Oh sinetron…
Alhamdulillah.. Ramadhan menjelang. Acara TV juga mulai marak dengan sinetron ala Ramadhan (tentu saja dengan versi penafsiran masing-masing). Tapi… memang penyakit sinetron Indonesia kali ya, dari dulu kala hubungan mertua-menantu yang ditayangkan amat sangat jarang sekali yang tampak akur. Minimal salah satunya ngga judes-judes amat sama yang lain.
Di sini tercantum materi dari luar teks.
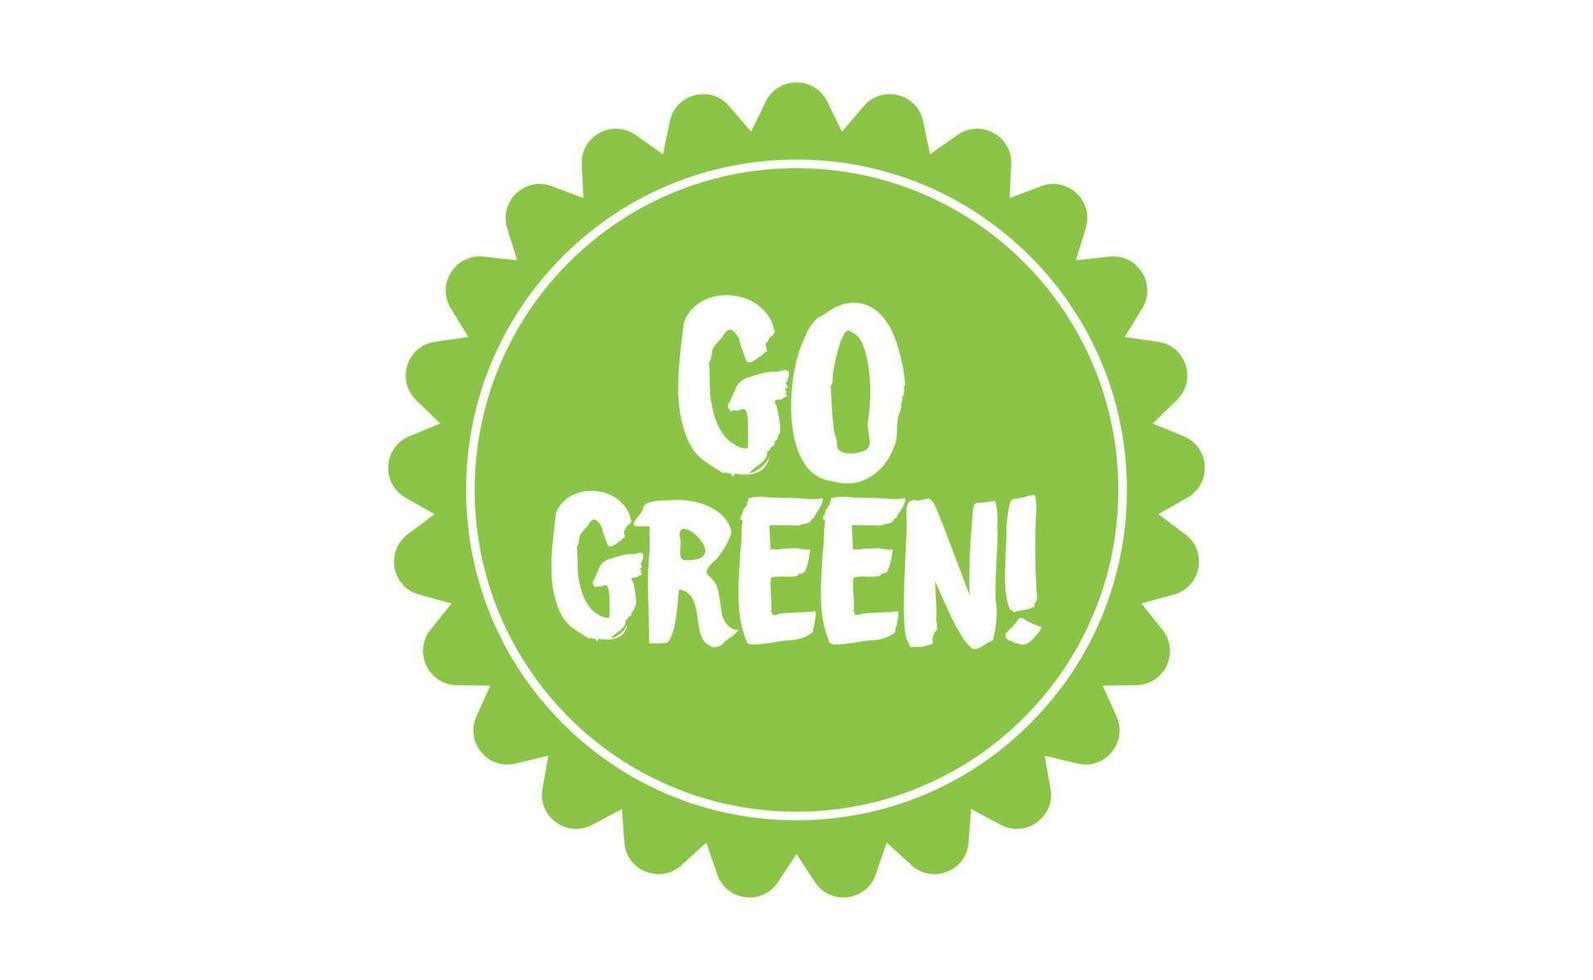 Vamos verde insignia. Respetuoso del medio ambiente eslogan. Insignia alfiler con ambiental conciencia mensaje. vector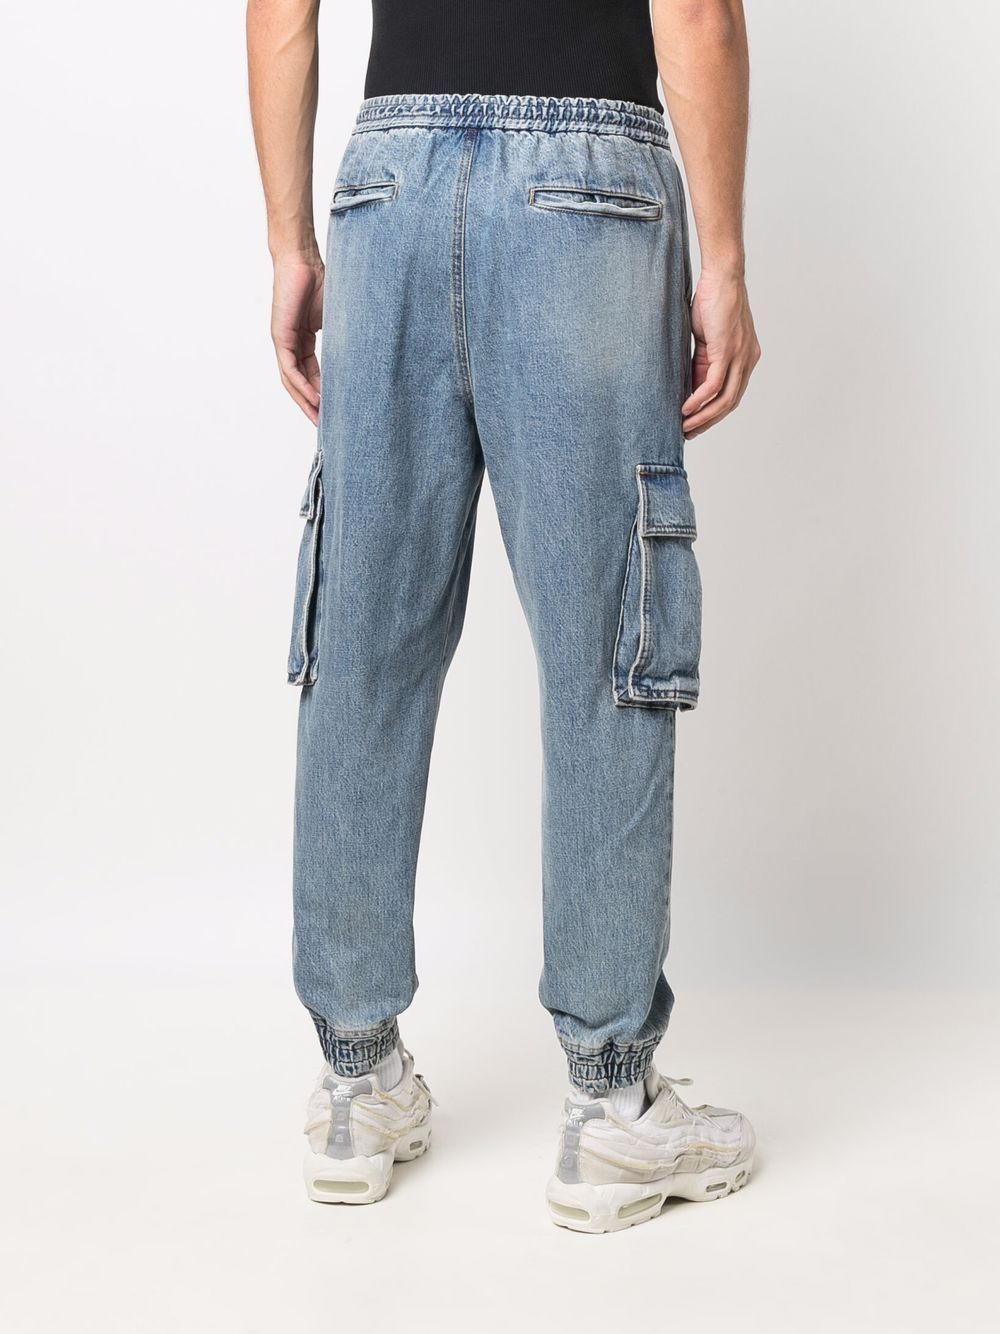 фото Juun.j зауженные джинсы с карманами карго

Barusan duduk sebentar di sofa, ngga sengaja lihat TV yang memang sudah dinyalakan sejak tadi. Wala, adegannya amat mengagetkan daku. Ceritanya ibu si suami datang berkunjung, sudah malam memang, anaknyalah yang membukakan pintu. Lalu, sang istri datang menyusul, dan dengan judesnya dia bilang’ "Dateng kok malem-malem! Nanti ngga ada yang nganter pulang, lho!". Waktu si ibu bilang dia ingin menginap, disahut pula, "Barangnya dibawa masuk ya! Disini ngga ada pembantu!". Masya ALlah.. bibir ini sampai lupa mengatup saking terkesimanya. Rabbi.. moga-moga menantu (apalagi anak) seperti ini tidak ada di dunia nyata. Ngeri banget!
"Trus kenapa dengan sinetron kaya gini? Ngga usah ditonton aja kan, tutup perkara". Lha iya sih kalo hanya untuk saya pribadi. Masalahnya, sinetron macam ini ternyata berpengaruh juga pada (calon) ibu mertua sayah! Dulu (sekali.. hehe.. 3 tahun yang lalu lah), ibu ragu-ragu waktu anaknya yang ganteng (ehm..) mengatakan ingin menikah, bertambah pula keraguannya manakala tahu calon menantunya samasekali tidak ‘Jawa’ (blas!). Menurut cerita kakanda, ibu khawatir sosok menantunya kelak seperti yang dilihat di TV-TV. Subhanallah… aku sampai terpana…
Budaya Jakarta ‘mendidik’ku agar tidak mudah percaya dengan apa yang dilihat dan didengar, terutama dari mahluk bernama sinetron. Jadi adegan sinetron mau dibuat jumpalitan sedemikian rupa sehingga terkesan nyata, aku tetep bertanya, "Apa iya manusia kaya gitu beneran ada? Kok begitu sempurna baik/jahatnya sampai-sampai seolah tak ada warna abu-abu di dunia".
Tapi… Karena begitulah adanya, aku jadi berpikir dua kali tentang sinetron. Bahwa tidak semua orang secuek aku di dunia ini, terutama orang-orang baik di luar ‘asuhan’ Jakarta seperti ibu mertua saya ("suwun Bu… sungguh Ibu baik sekali, sampai saya lebih dimanja oleh Ibu daripada oleh Mamah"). Toh, ketika pertama kali bertemu (semoga sampai sekarang dan seterusnya), ternyata (calon) menantunya ini samasekali beda dengan mahluk yang ada di TV (jadi, kekhawatirannya tidak terbukti, begitu…). Buktinya, saya amat disayang Papah & Ibu karena saya adalah satu-satunya anak perempuan mereka kini. Dan kalau saya sedang ‘mudik’ ke Solo bareng kakanda, bisa dipastikan kalau kesejahteraan saya lebih mereka perhatikan daripada kesejahteraan anak sulungnya hehehehe……
Sungguh tak pernah terlintas di pikiran dan hatiku, akan tega memperlakukan Ibu (dan Papah) seperti rupa di sinetron itu. Na’udzu billaahi min dzaalika! Mereka adalah orang tua dari seseorang yang saya kasihi! Dan mereka adalah orang tua saya juga. Dan dalam Islam pun tak ada istilah ‘mertua’ kecuali pada bahasan fiqih.
Mungkin itu karena orang tua kami adalah tipe seribu satu alias satu dalam seribu. "Langka!", begitu komentar Mamah tentang Papah & Ibu yang baik dan sabar. Barangkali Mamah pikir menantu macam aku ini terlalu bandel untuk mendapat karunia keberuntungan punya mertua yang menyenangkan. Kakanda bilang, "Mamah juga langka". Ahhh… betapa beruntungnya kami punya orang tua yang tidak seperti di sinetron.. Duuuhhh, sinetron Indonesiaku…. Semoga ke’jahat’an dalam dirimu tak nyata di dunia ini.